Purpose: Recent studies reported that clinical responsiveness to gefitinib was associated with somatic mutation of epidermal growth factor receptor (EGFR) gene in non-small cell lung cancers (NSCLC). Here, we investigated the relationship between EGFR mutation and clinicopathologic features.
Experimental design: EGFR mutational status of 120 NSCLCs was determined mainly in EGFR exons 18 to 21 by direct sequence and correlated with clinicopathologic parameters.
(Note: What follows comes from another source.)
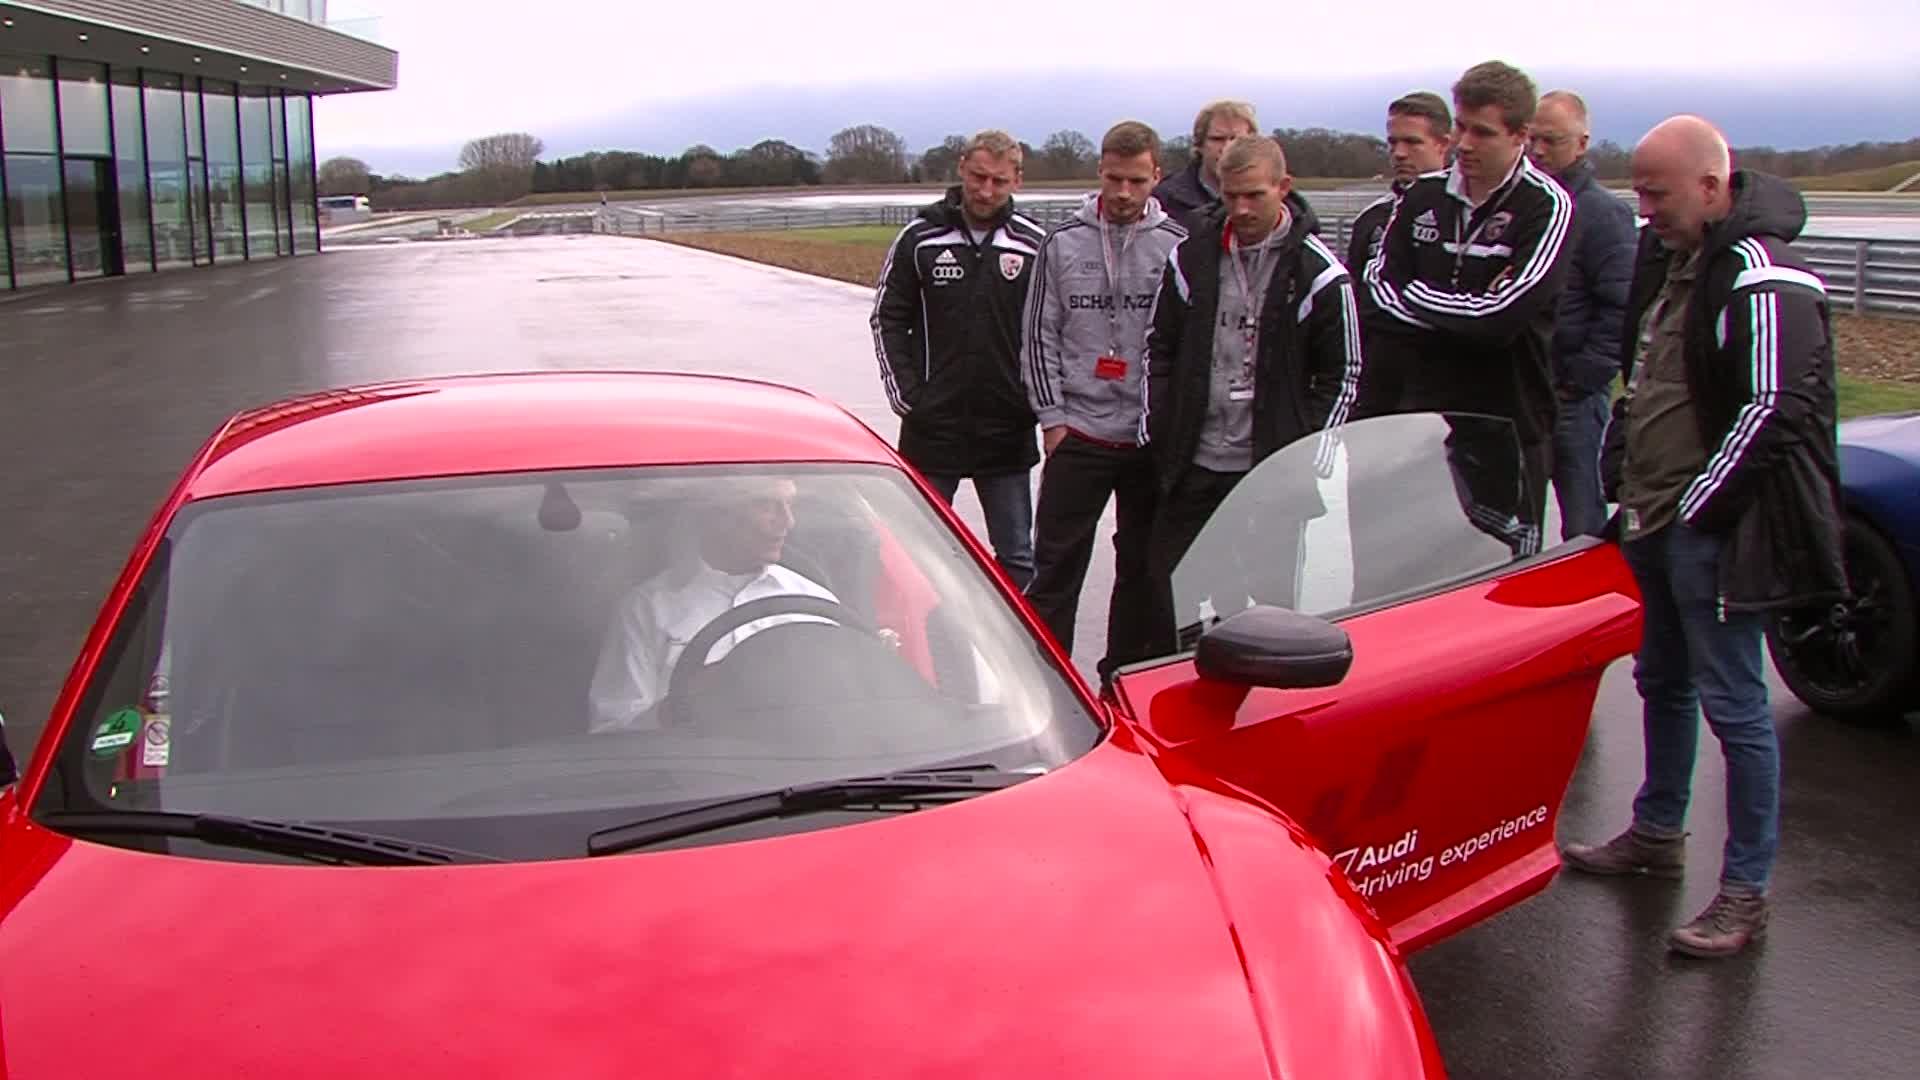 FC Ingolstadt 04 absolviert Audi driving experience

Results: EGFR mutations were present in 38 cases (32%) and the majority of mutations were in-frame deletions of exon 19 (19 cases) and a missense mutation in exon 21 (18 cases). EGFR mutations were frequently associated with adenocarcinoma (P < 0.0001), never smoker (P < 0.0001), and female gender (P = 0.0001). Of interest, increasing smoke exposure was inversely related to the rate of EGFR mutation (P < 0.0001). Multivariate analysis showed that smoking and histology were independent variables. Furthermore, gender difference was observed for the mutational location (P = 0.01) dominance of exon 19 for males and exon 21 for females. Twenty-one cases were treated with gefitinib and found that EGFR mutation was significantly related to gefitinib responsiveness (P = 0.002). In addition, median survival times of patients with and without EGFR mutations treated with gefitinib were 25.1 and 14.0 months, respectively. Patients with EGFR mutations had approximately 2-fold survival advantage; however, the difference was not significant.
Conclusions: We show that EGFR mutations were significantly related to histology and smoke exposure and were a strong predictive factor for gefitinib responsiveness in NSCLC.